In the unemployment insurance system alone, an estimated $163 billion was paid “improperly,” thanks to some combination of accidental error and deliberate fraud. In the Economic Injury Disaster Loan program, tens of billions of dollars went to multiple applicants who shared the same accounts or contact information, a sign of possible fraud. Michael Horowitz, chair of the Pandemic Response Accountability Committee (created by the 2020 Cares Act and composed of inspectors general), recently said he would not be surprised if the total amount of fraud “exceeded $100 billion.”
While the scale of criminality may seem shocking, its existence was entirely foreseeable.
As ginormous relief programs were being built from scratch, fast, the Trump administration resisted oversight. Even if a more transparency-minded president had initially been in charge, though, the government still likely would have been pickpocketed.
That’s because, as I wrote back in April 2020, systematic underinvestment in government tech infrastructure created a situation ripe for poor performance and abuse. Government is as functional, or as dysfunctional, as it is designed to be; through a combination of incompetence, benign neglect and anti-government malice, we have designed our government to be maximally dysfunctional.
Catherine Rampell: The covid-19 pandemic has revealed another area of critical government underinvestment
Many government computer systems, both federal and state, are decades old. Agencies rely on disco-era computer languages that few coders know anymore, and some physical hardware is lapsing into disrepair. Such IT deficiencies not only doomed a lot of struggling Americans to long waits for needed assistance; they also left a lot of precious assistance dollars vulnerable to identity thieves and scam artists, who understood how to exploit the system.

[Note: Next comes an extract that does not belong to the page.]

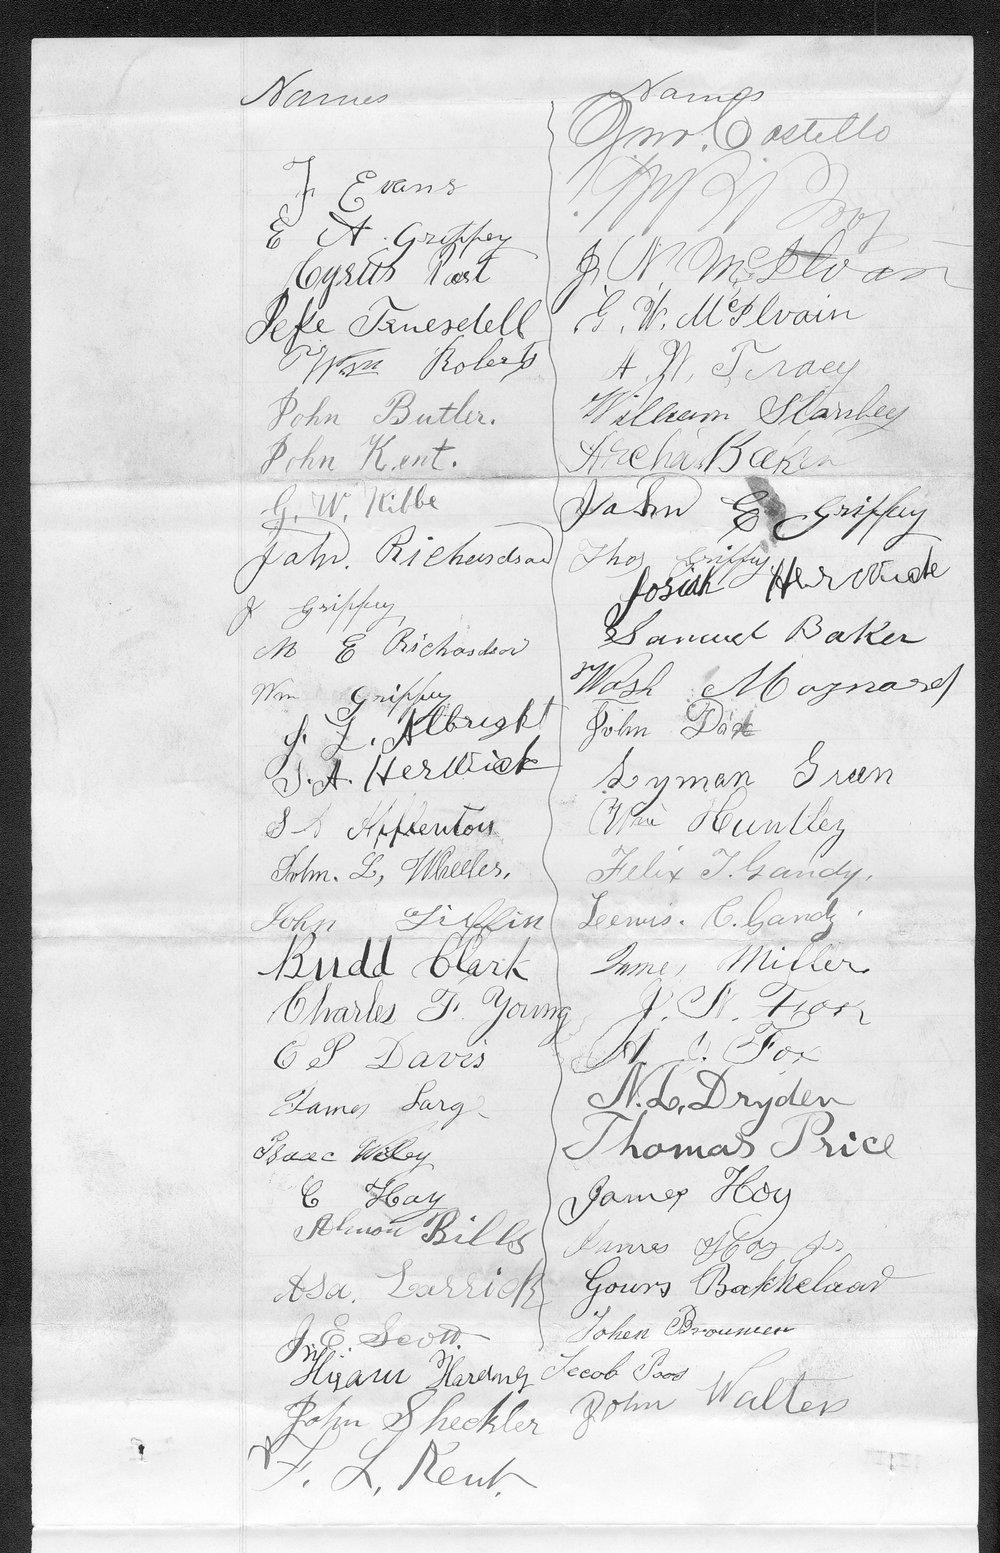 Phillips County organization records - 5

For instance: Early in the pandemic, one of the biggest, most celebrated assistance efforts was the Paycheck Protection Program. As its name suggests, the federal program’s primary goal was to ensure that workers still received paychecks even when their small-business employers might have been forced to close down or furlough staff.
Alas, the government couldn’t readily determine who was getting paychecks from whom, or who had stopped getting paychecks because of layoffs and, therefore, who needed money. The government should have been able to figure out such things, given that companies must regularly remit payroll taxes for their employees, among many other ways administrative records illustrate who works where.
But again: Government IT infrastructure stinks. Databases don’t talk to one another.
So as a workaround, Congress created a program that basically operated on the honor system. Companies self-attested that they needed the money and that they would use it to pay their workers, or to offset rent or other expenses so that they could continue operating and thereby ensure people stayed employed.
Some companies really did need the money, which was a lifeline. Others didn’t, and used their government-granted windfall on Rolexes, Rolls-Royces or yachts. Some firms should have been too big to qualify but got money anyway. Still others, such as a purported potato farm in Palm Beach, Fla., didn’t exist at all.
Government doesn’t have to work this way. We could, instead, invest in a functional administrative state, one that uses basic 21st-century technologies. Governments could draw upon existing data already available to produce better statistics, better customer service, and less waste, fraud and abuse.
That’s why Democrats recently gave the IRS — which was itself tasked with administering some covid-relief programs that were plagued by fraud — $80 billion. Part of this money will be used to update and automate the agency’s archaic tech systems. This reasoning is also why some lawmakers have pushed, so far unsuccessfully, for modest upgrades to unemployment insurance systems.
Catherine Rampell: Why does the IRS need $80 billion? Just look at its cafeteria.
Improving state capacity is not exactly a sexy issue. There’s little short-term political gain to be had from overhauling government IT and procurement policies more holistically. Worse, public furor over reports of government waste, fraud and abuse — like those related to stolen covid funds — can become justification for starving the beast further, and giving government even fewer resources to perform necessary services.
Government dysfunction can thereby create the political conditions for even more government dysfunction.
The next time we have a crisis or recession (and there will be a next time), unlucky Americans will again need help. And Congress will have to choose between either refraining from helping at all (hey, look how much got stolen last time!) — or once again blindly helicopter-dropping money, and hoping some of it lands in the right hands.